Было бы ошибкой полагать, что автократия не обладает международной привлекательностью. Благодаря десятилетиям значительного роста, китайцы сегодня могут утверждать, что их модель экономического развития, которая сочетает в себе открытую экономику с закрытой политической системой, может быть успешным вариантом для развития во многих странах.  Это по-сути предложение модели успешной автократии, шаблона для создания богатства и стабильности без уступок политической либерализации. Российская модель "суверенной демократии" является притягательной в среде автократов в Центральной Азии. Некоторых европейцев беспокоит, что Россия "становится идеологической альтернативой ЕС, который предлагает иной подход к суверенитету, власти и мировому порядку". В 1980-х и 1990-х автократическая модель казалась проигрышной, так как правые и левые диктатуры пали под либеральным приливом. Сегодня же, благодаря успехам Китая и России, она выглядит как лучшая ставка.

Китай и Россия больше не могут активно экспортировать идеологию, но они предлагают автократам возможность своих обьятий, когда на них начинают давить демократические страны. Когда в 1990-е годы отношения между Ираном и Европой сильно ухудшились, после того, как иранские клирики издали фетву, призывающую к смерти Салмана Рушди, влиятельный иранский лидер Акбар Хашеми Рафсанджани отметил насколько легче работать с такой страной как Китай. Когда диктатор Узбекистана подвергся критике со стороны администрации Джорджа Буша в 2005 году за жестокое подавление митинга оппозиции, он ответил присоединением к Шанхайской организации сотрудничества и сближением с Москвой.
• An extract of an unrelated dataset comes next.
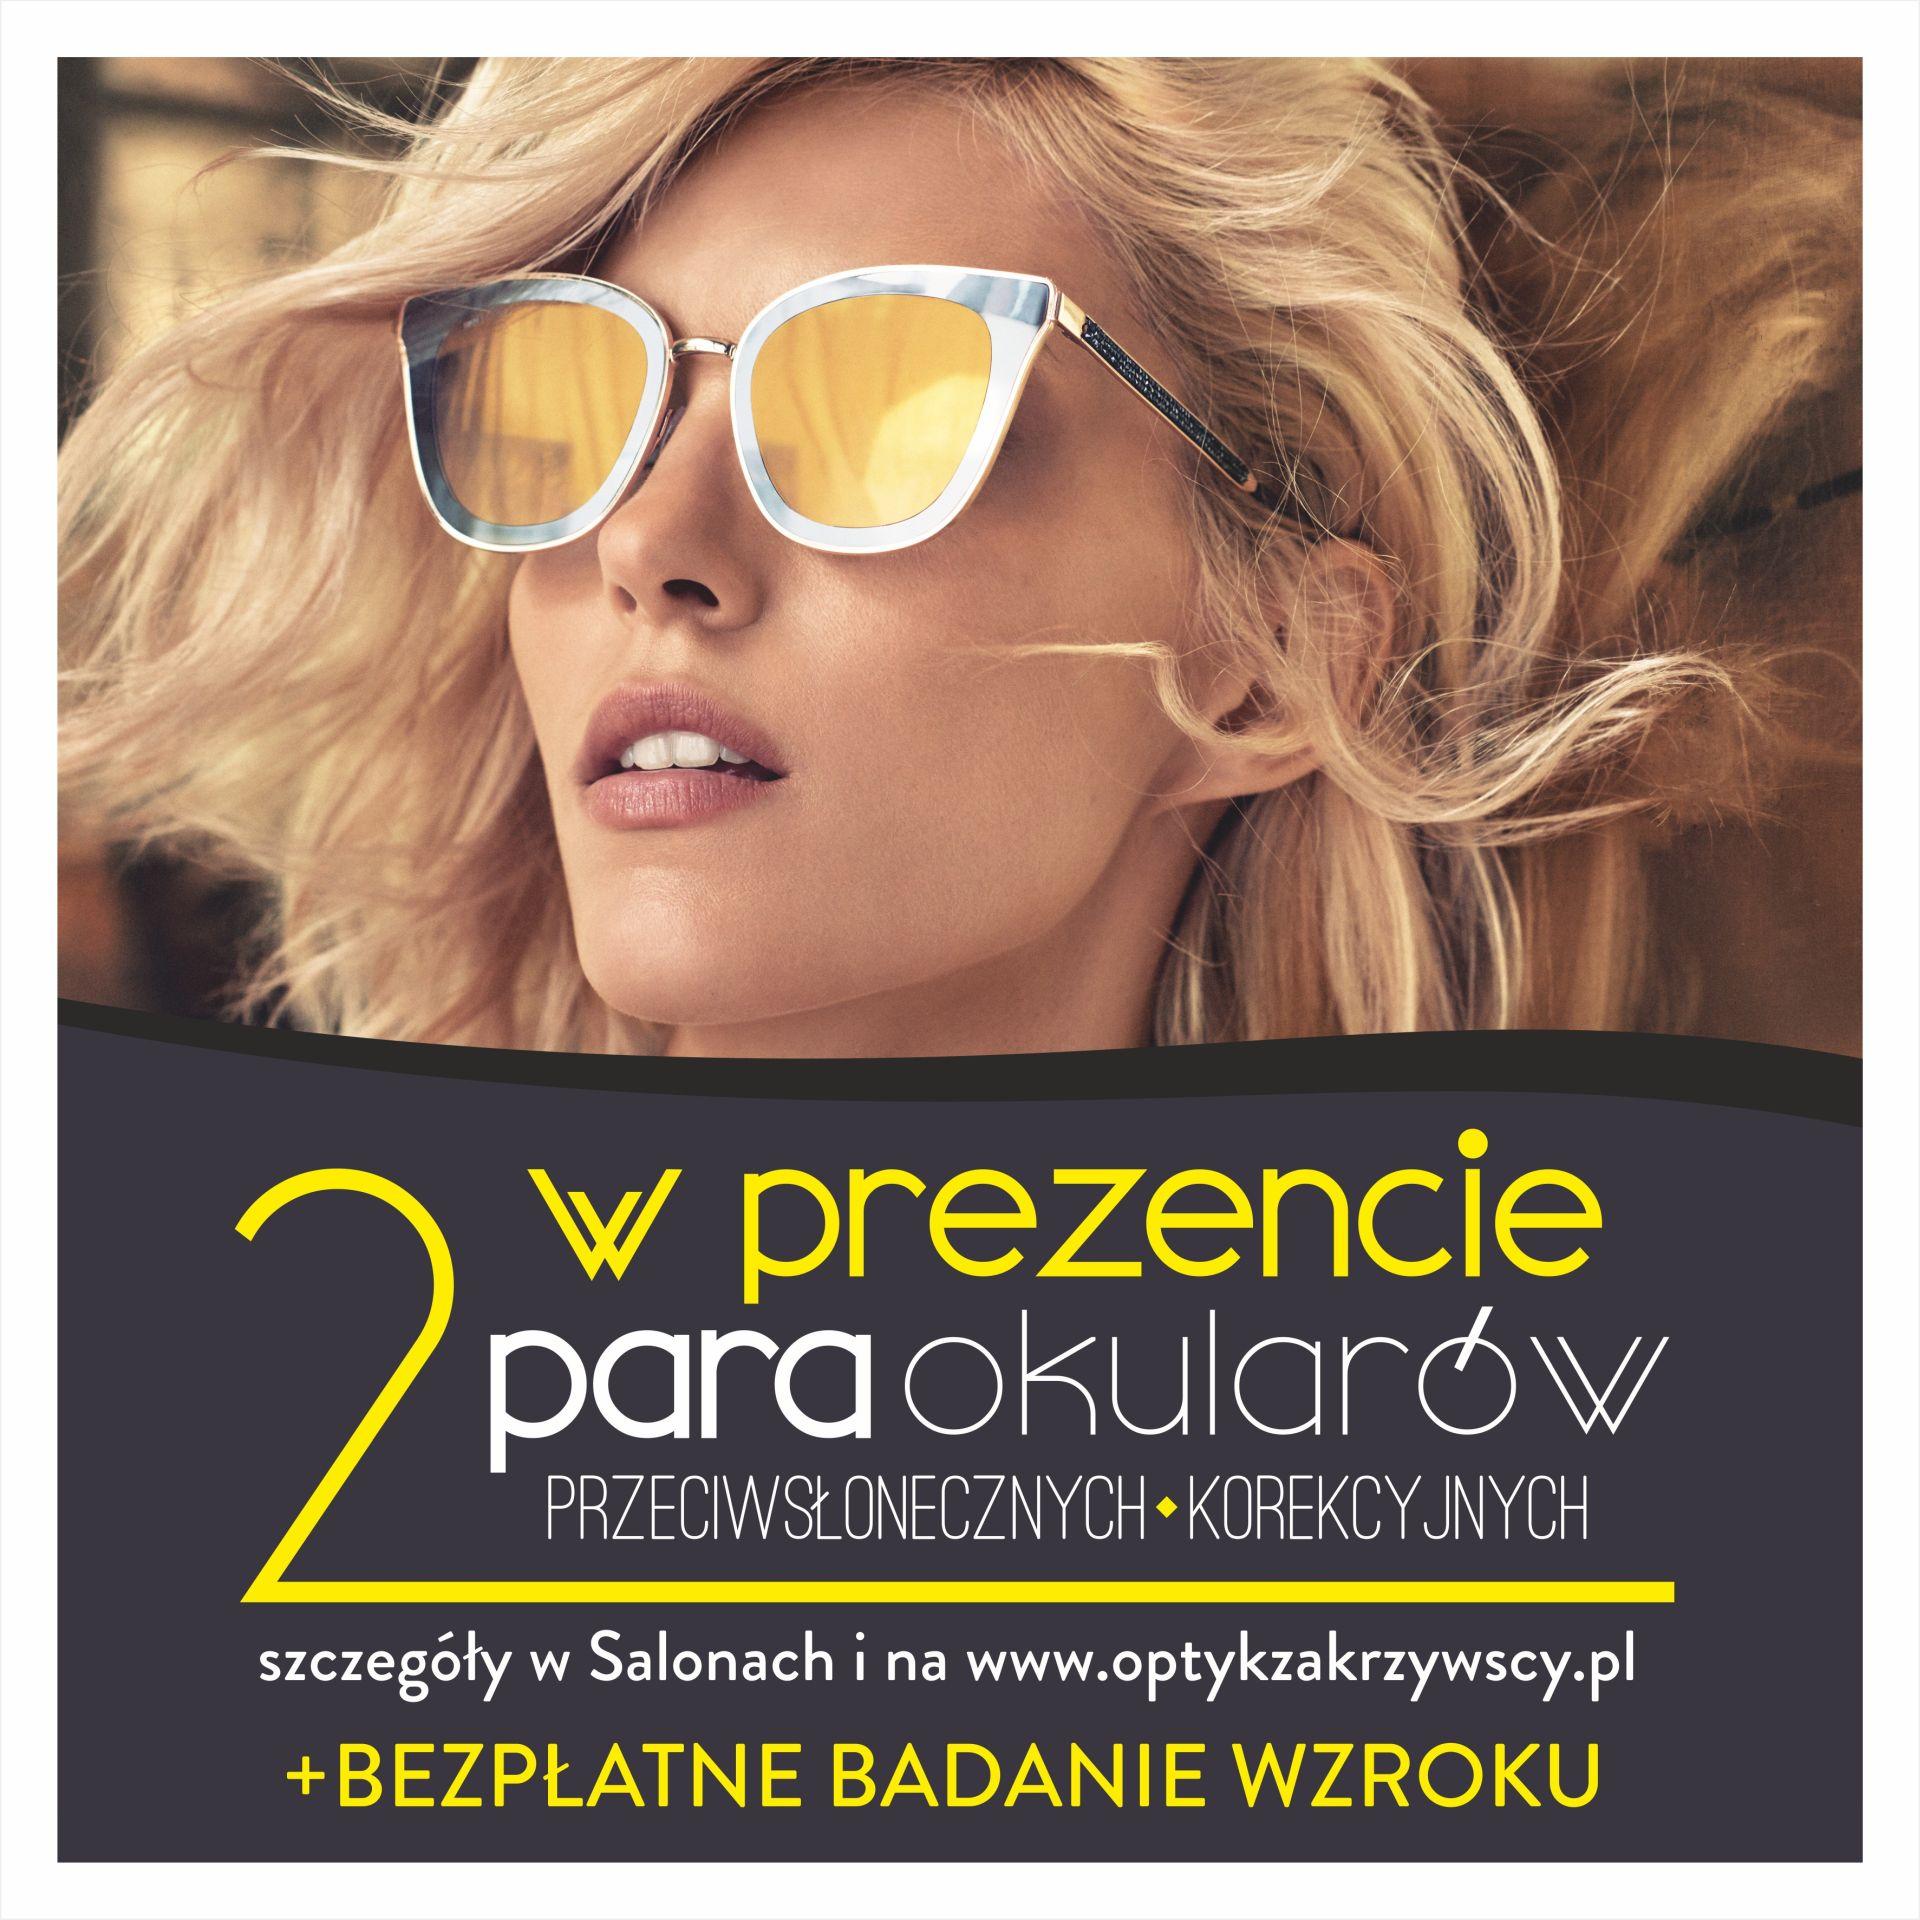 Promocja - 2 para okularów gratis

Китайцы оказывают неограниченную помощь диктатурам в Азии и Африке, подрывая усилия "международного сообщества" в давлении на режимы по поводу проведения реформ - что на практике часто означает смену режима - в таких странах, как Бирма и Зимбабве. Американцы и европейцы могут ворчать, но автократы не участвуют в деле свержения других автократов по настоянию демократического мира. Китайцы, которые не так давно использовали огнестрельное оружие и тяжелую технику для расправы над студентами, вряд ли помогут Западу свалить правительство в Бирме, которое делает то же самое. Они не будут налагать условия на помощь африканским государствам, требовать политических и институциональных реформ, которые не имеют никакого намерения проводить сами.
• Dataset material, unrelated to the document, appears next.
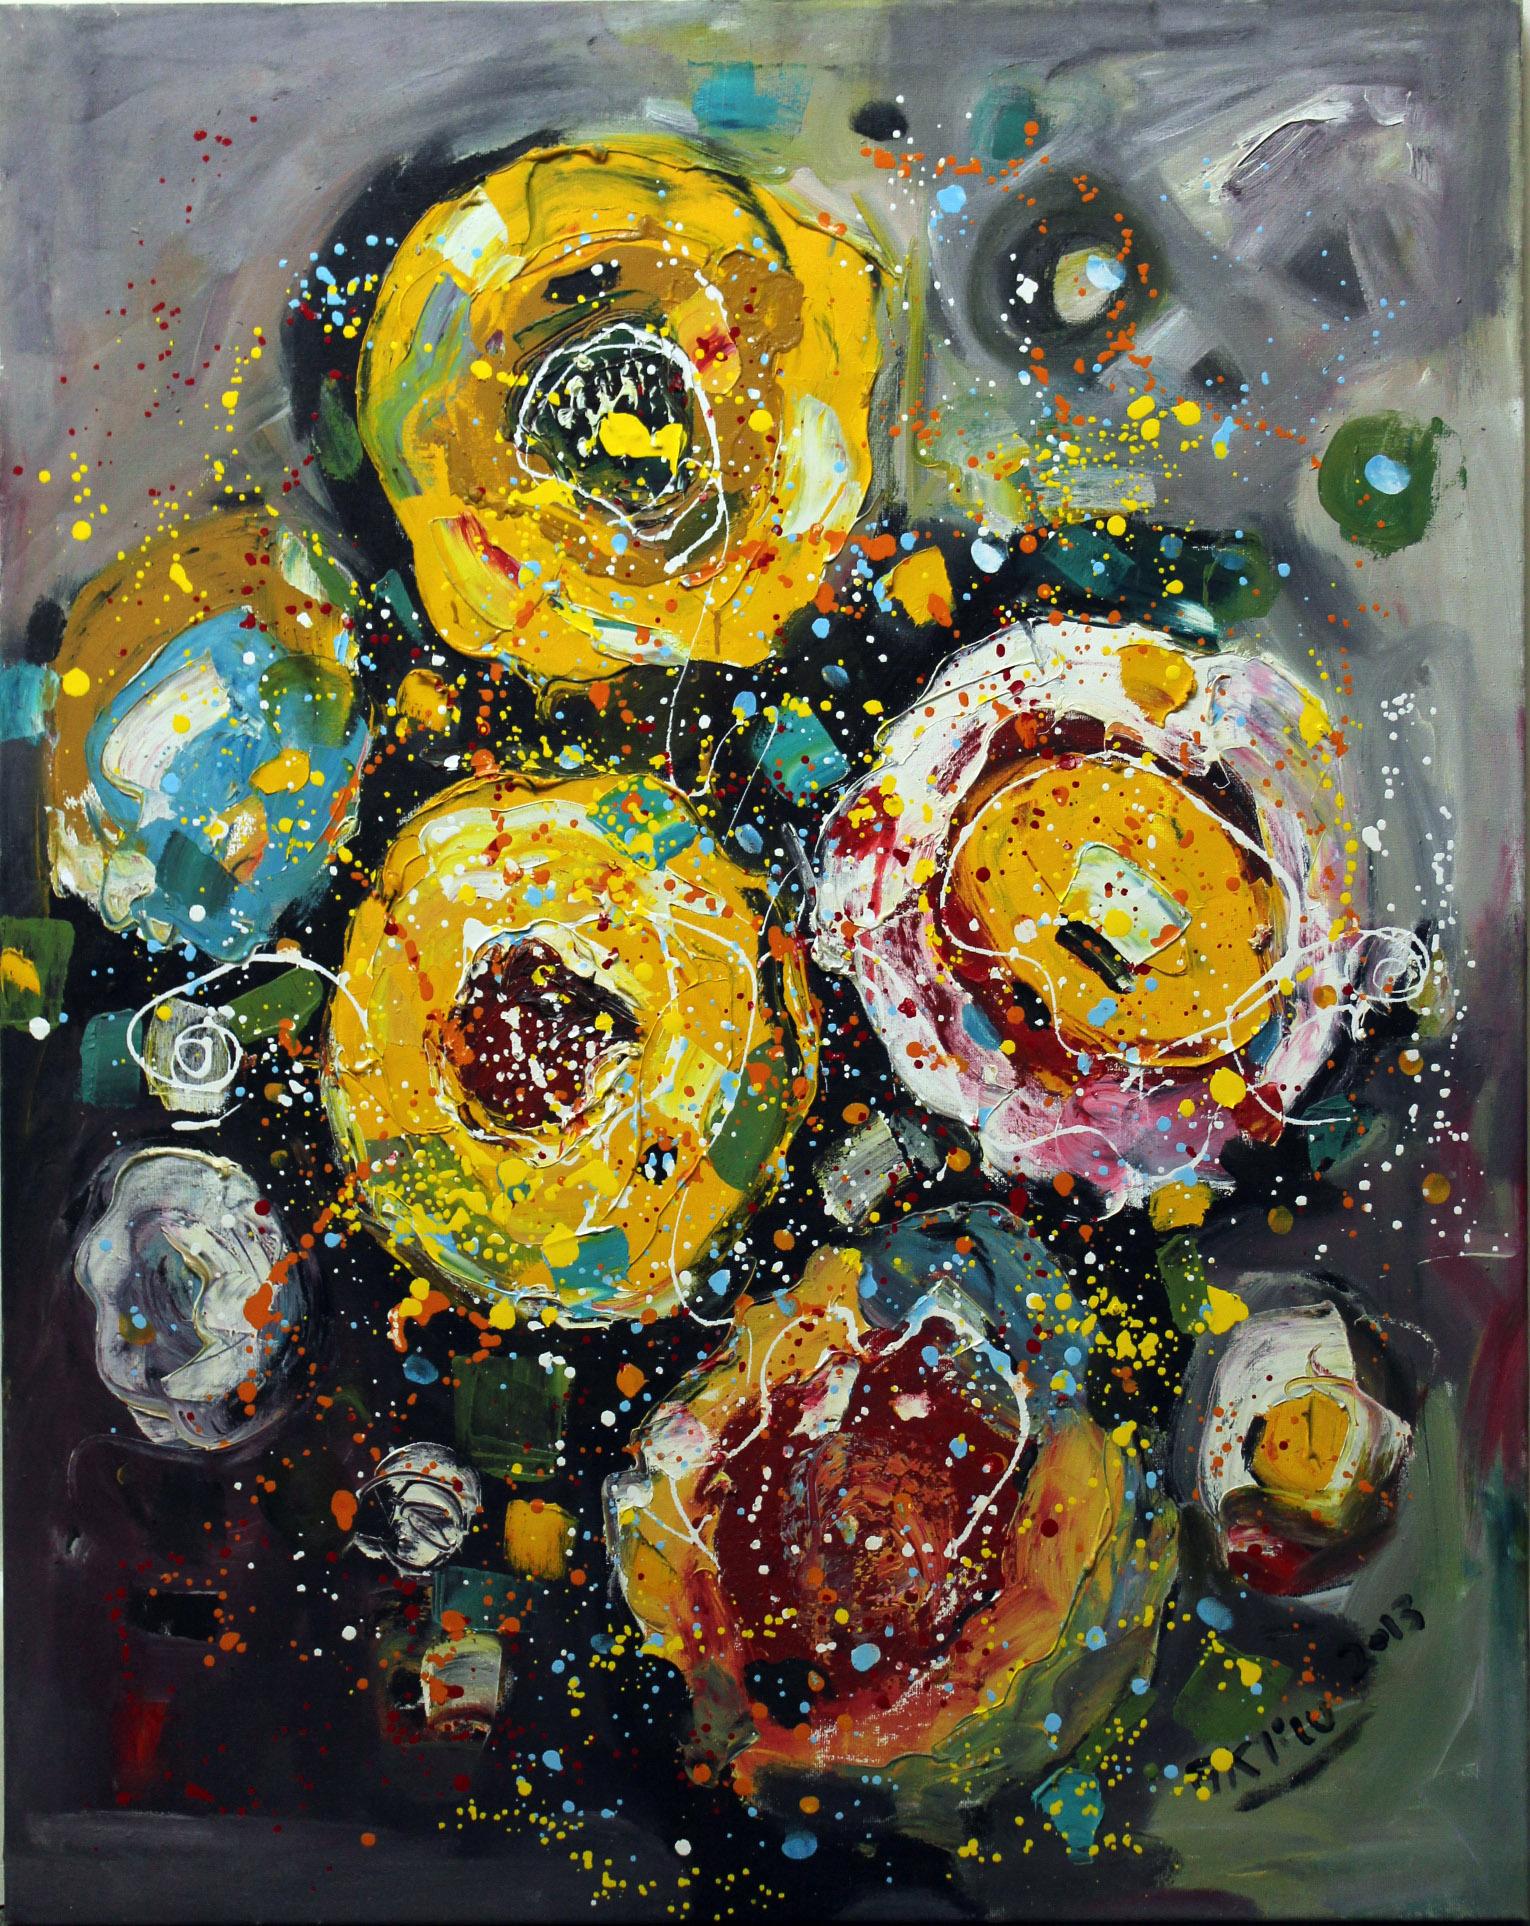 Flower artwork by Aklilu Temesgen - art listed for sale on Artplode

Китайские чиновники могут пожурить правителей Бирмы, и они могут призвать власти Судана найти мирное решение конфликта в стране. Москва может время от времени дистанцироваться от Ирана. Но правители Рангуна, Хартума, Пхеньяна и Тегерана знают, что их лучшие защитники - и в итоге их единственные защитники - в целом, для них враждебном, мире находятся в Пекине и Москве. Как Пекин будет карать бирманских генералов за разгоны буддийских монахов, если Пекин сам проводит гонения на буддийских монахов в Тибете? В большом расколе между демократией и автократией, автократы имеют общие интересы и общее видение мирового порядка. Как сказал лидер Китая Ли Пенг лидеру Ирана Рафсанджани, Иран и Китай объединяет общее желание построить такой мировой порядок, в котором "выбор любой социальной системы в стране будет являтся делом народа этой страны".

На самом деле глобальное состязание уже идет полным ходом. По словам Сергея Лаврова, министра иностранных дел России, "Впервые за много лет появилась реальная конкурентная среда на рынке идей" между различными "системами ценностей и моделями развития".И хорошей новостью, с российской точки зрения, является то, что "Запад теряет монополию на процесс глобализации". Сегодня, когда россияне говорят о "многополярном мире", они говорят не только о перераспределении власти. Это также состязание между системами ценностей и идей, которые обеспечат "основу для многополярного миропорядка".

Это стало сюрпризом для демократического мира, который верил, что подобные состязания закончились с падением Берлинской стены. Мировые демократии не рассматривают свои усилия по поддержке демократии и принципов Просвещения за рубежом как один из аспектов геополитического состязания, потому что они не видят "конкурирующих истин", лишь "общечеловеческие ценности". Поэтому они не всегда осознают, как можно использовать свое богатство и могущество, чтобы подтолкнуть других принять эти ценности.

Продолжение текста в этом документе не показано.